School of Computer Science, University of Manchester, Manchester M13 9PL, UK.
Division of Informatics, Imaging and Data Sciences, Faculty of Biology, Medicine and Health, University of Manchester, Manchester M13 9PL, UK.
Bioinformatics. 2021 Nov 5;37(21):3788-3795. doi: 10.1093/bioinformatics/btab486.
The negative binomial distribution has been shown to be a good model for counts data from both bulk and single-cell RNA-sequencing (RNA-seq). Gaussian process (GP) regression provides a useful non-parametric approach for modelling temporal or spatial changes in gene expression. However, currently available GP regression methods that implement negative binomial likelihood models do not scale to the increasingly large datasets being produced by single-cell and spatial transcriptomics.
The GPcounts package implements GP regression methods for modelling counts data using a negative binomial likelihood function. Computational efficiency is achieved through the use of variational Bayesian inference. The GP function models changes in the mean of the negative binomial likelihood through a logarithmic link function and the dispersion parameter is fitted by maximum likelihood.
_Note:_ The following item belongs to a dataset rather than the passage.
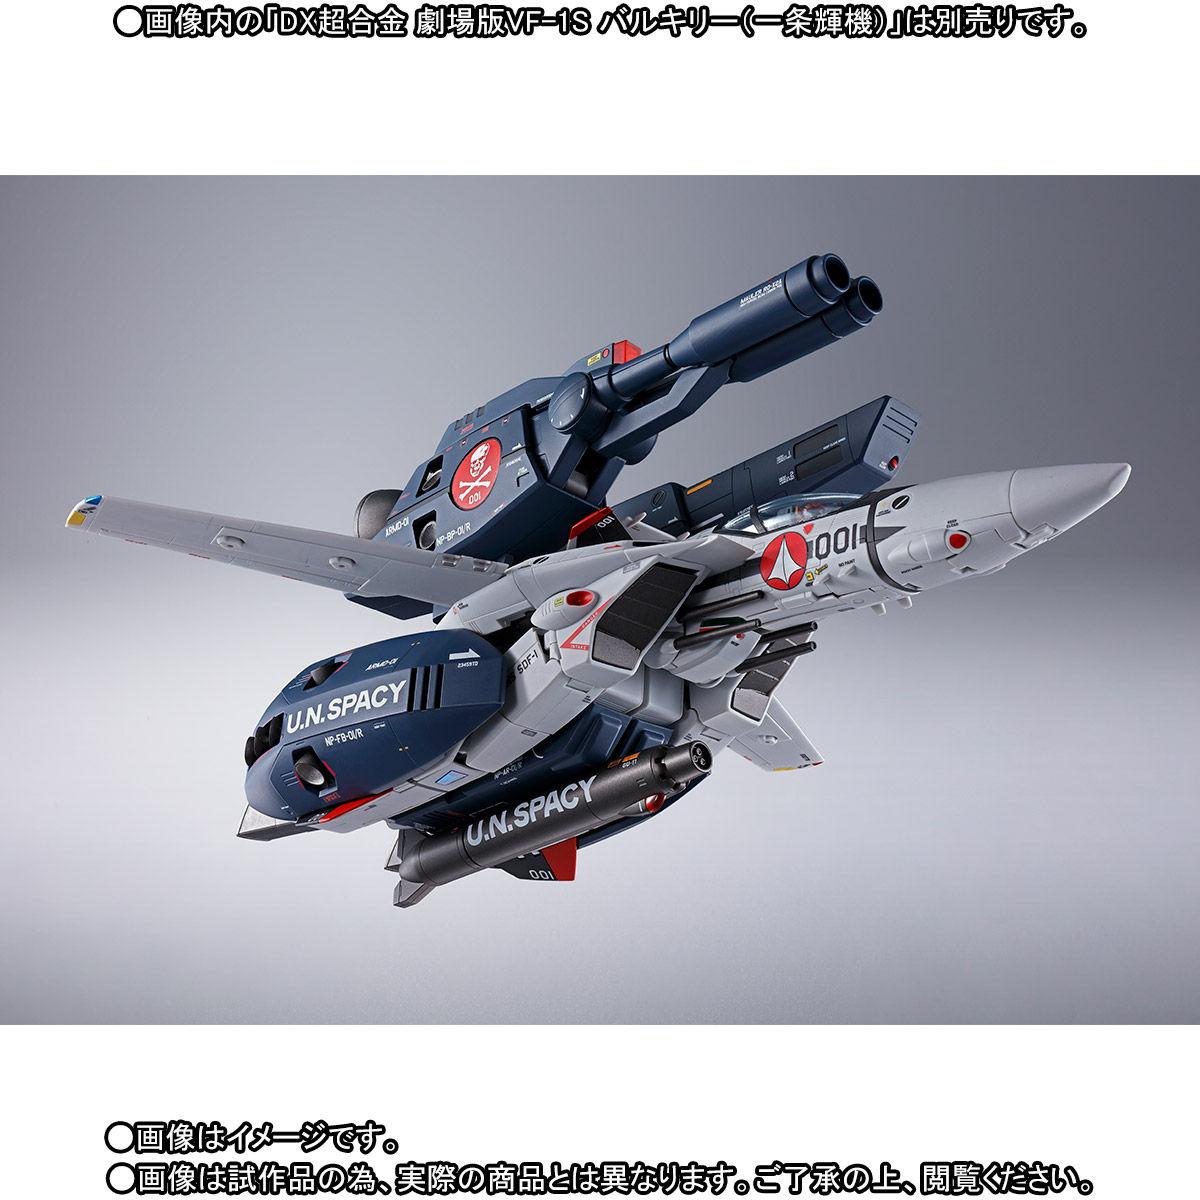 DX超合金『劇場版VF-1対応ストライク/スーパーパーツセット』拡張パーツ-004
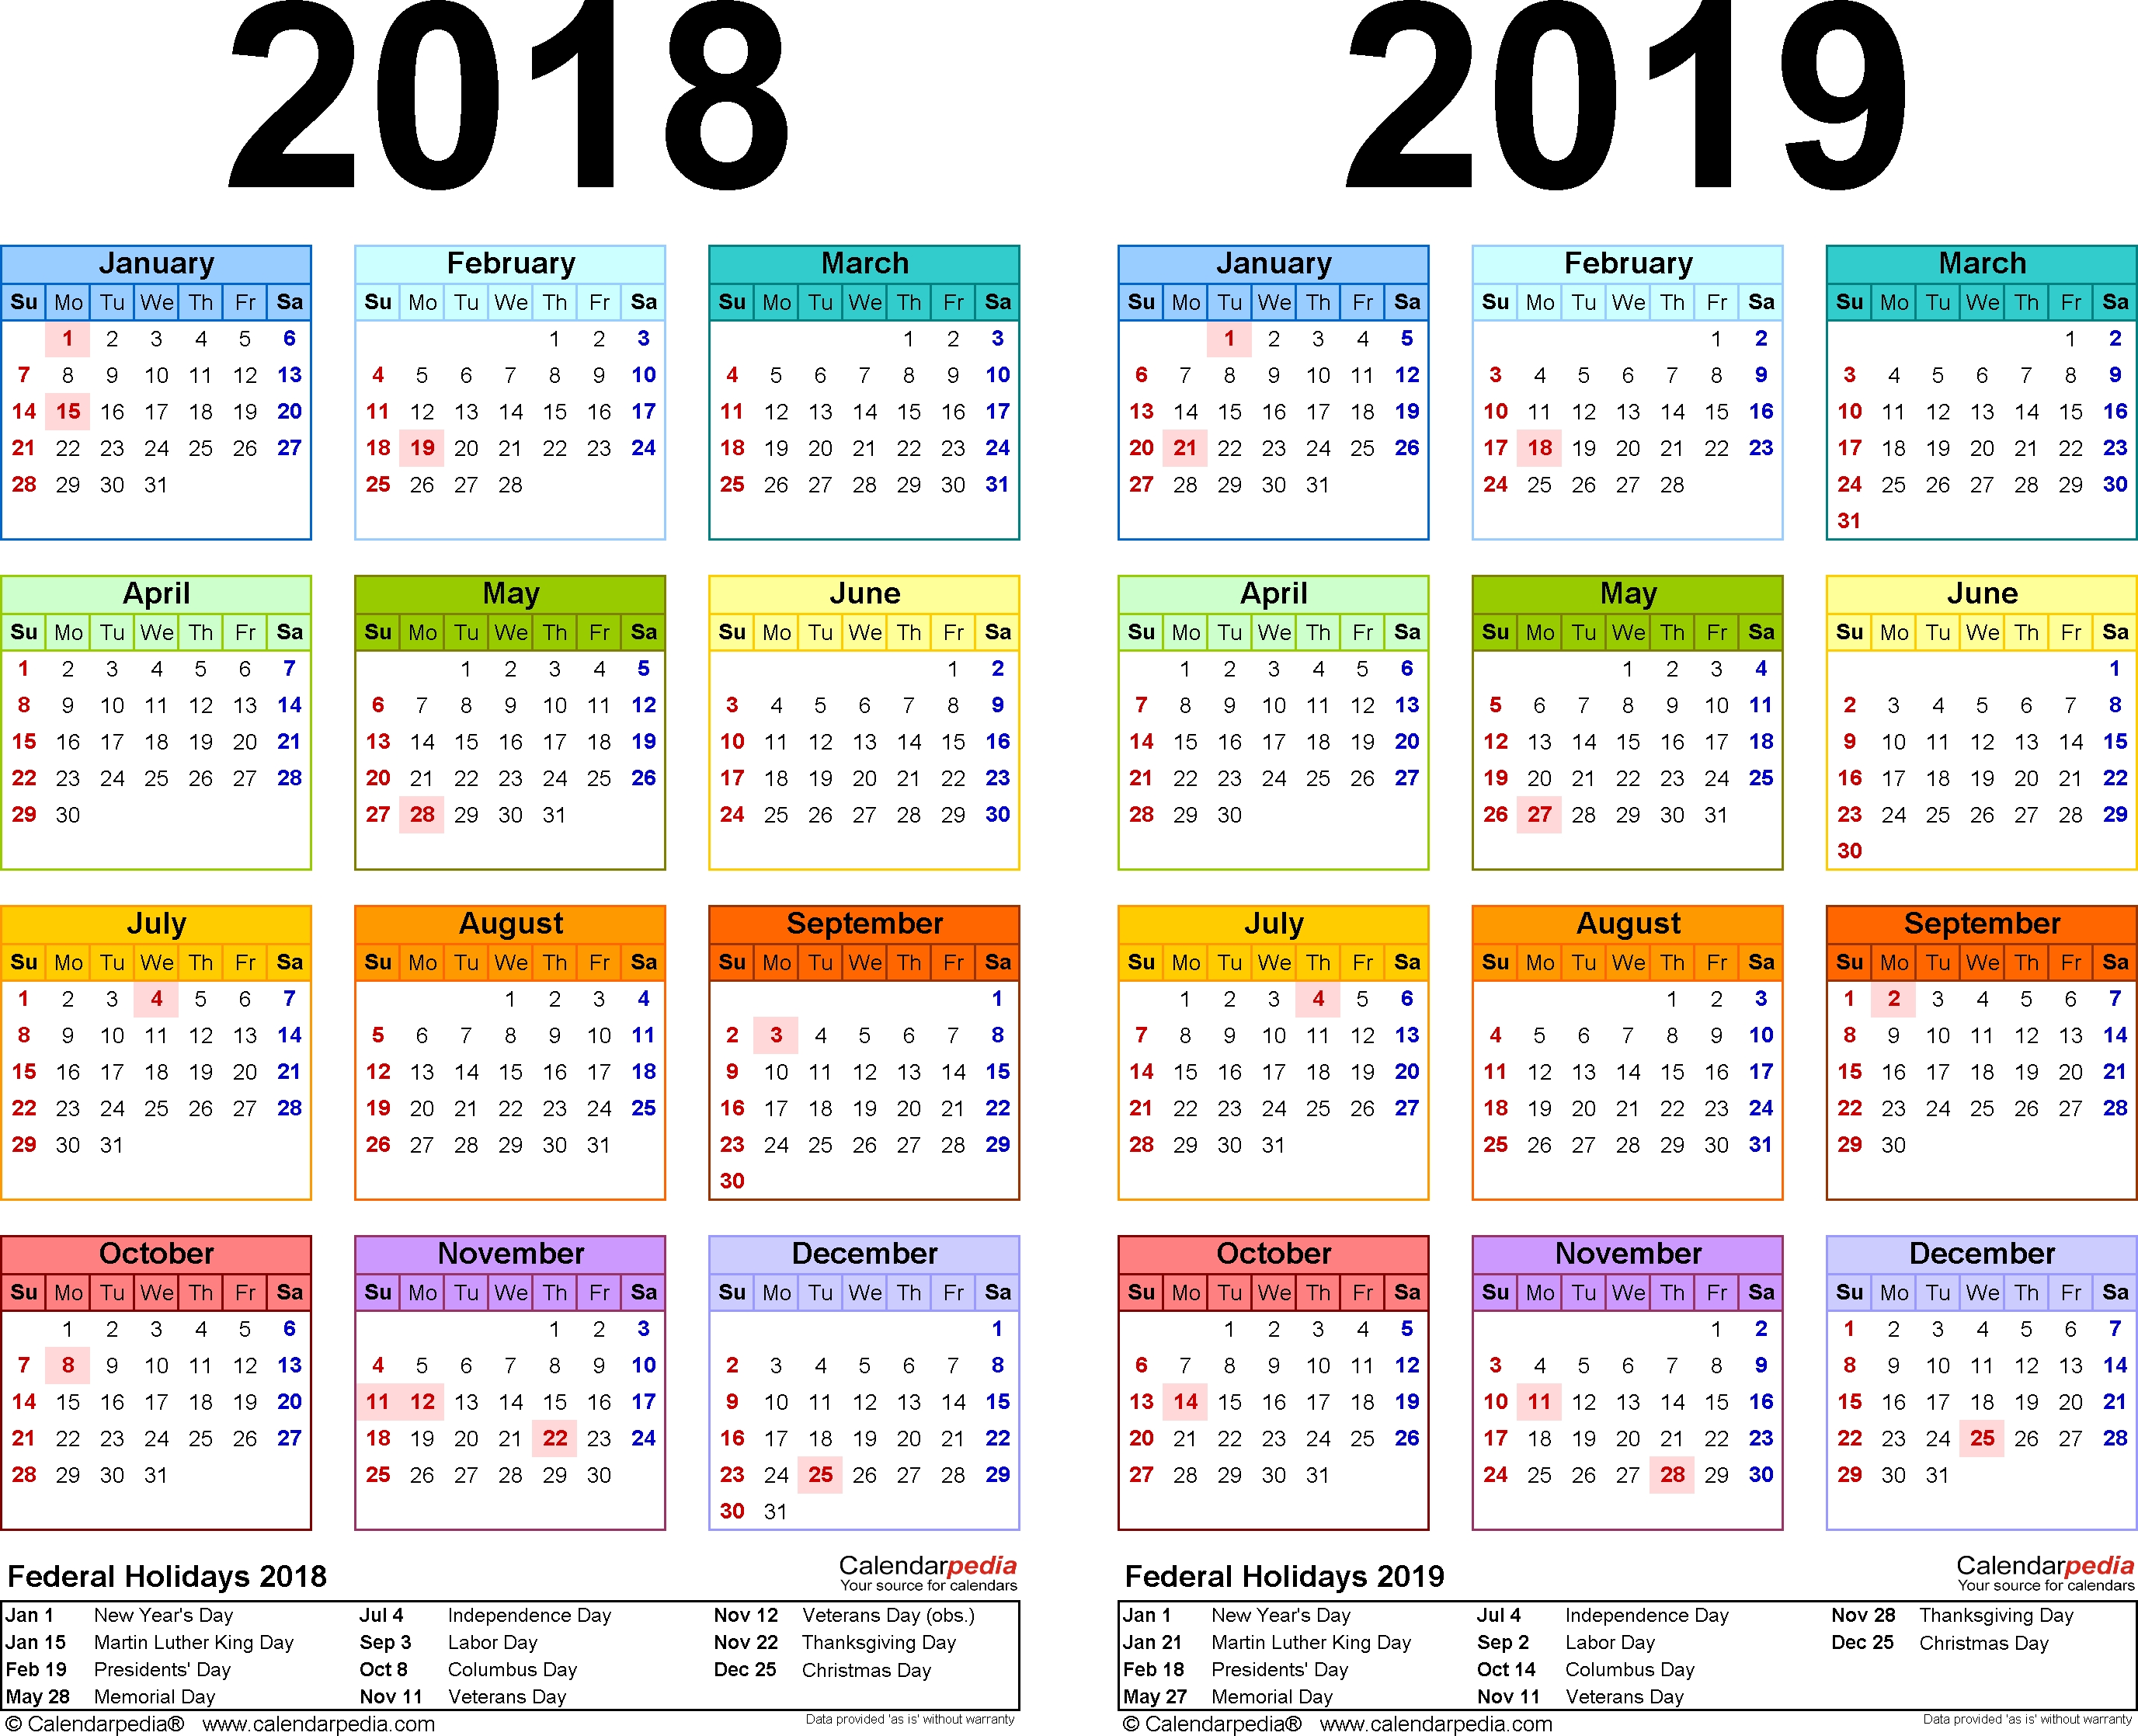 2018-2019 Calendar - Free Printable Two-Year Pdf Calendars inside U Of L 2019/2020 Calendar

We validate the method on simulated time course data, showing better performance to identify changes in over-dispersed counts data than methods based on Gaussian or Poisson likelihoods. To demonstrate temporal inference, we apply GPcounts to single-cell RNA-seq datasets after pseudotime and branching inference. To demonstrate spatial inference, we apply GPcounts to data from the mouse olfactory bulb to identify spatially variable genes and compare to two published GP methods. We also provide the option of modelling additional dropout using a zero-inflated negative binomial. Our results show that GPcounts can be used to model temporal and spatial counts data in cases where simpler Gaussian and Poisson likelihoods are unrealistic.
GPcounts is implemented using the GPflow library in Python and is available at https://github.com/ManchesterBioinference/GPcounts along with the data, code and notebooks required to reproduce the results presented here. The version used for this paper is archived at https://doi.org/10.5281/zenodo.5027066.
Supplementary data are available at Bioinformatics online.
负二项分布已被证明是一种很好的模型,可以用于从批量和单细胞 RNA 测序(RNA-seq)中获得的计数数据。高斯过程(GP)回归为建模基因表达的时间或空间变化提供了一种有用的非参数方法。然而,目前可用的实现负二项式似然模型的 GP 回归方法不适用于单细胞和空间转录组学产生的越来越大的数据集。
GPcounts 包实现了使用负二项式似然函数对计数数据进行 GP 回归的方法。通过使用变分贝叶斯推断,实现了计算效率。GP 函数通过对数链接函数对负二项式似然的均值进行建模,通过最大似然法对离散参数进行拟合。我们在模拟时间序列数据上验证了该方法,结果表明,与基于高斯或泊松似然的方法相比,该方法能够更好地识别过分散计数数据中的变化。为了演示时间推断,我们在经过拟时间和分支推断后,将 GPcounts 应用于单细胞 RNA-seq 数据集。为了演示空间推断,我们将 GPcounts 应用于来自小鼠嗅球的数据,以识别空间变化的基因,并与两种已发表的 GP 方法进行比较。我们还提供了使用零膨胀负二项式对额外缺失值进行建模的选项。我们的结果表明,在简单的高斯和泊松似然不切实际的情况下,GPcounts 可用于对时间和空间计数数据进行建模。
GPcounts 使用 Python 中的 GPflow 库实现,并可在 https://github.com/ManchesterBioinference/GPcounts 上获得,同时还提供了重现本文中呈现的结果所需的数据、代码和笔记本。本文使用的版本归档在 https://doi.org/10.5281/zenodo.5027066。
补充数据可在 Bioinformatics 在线获得。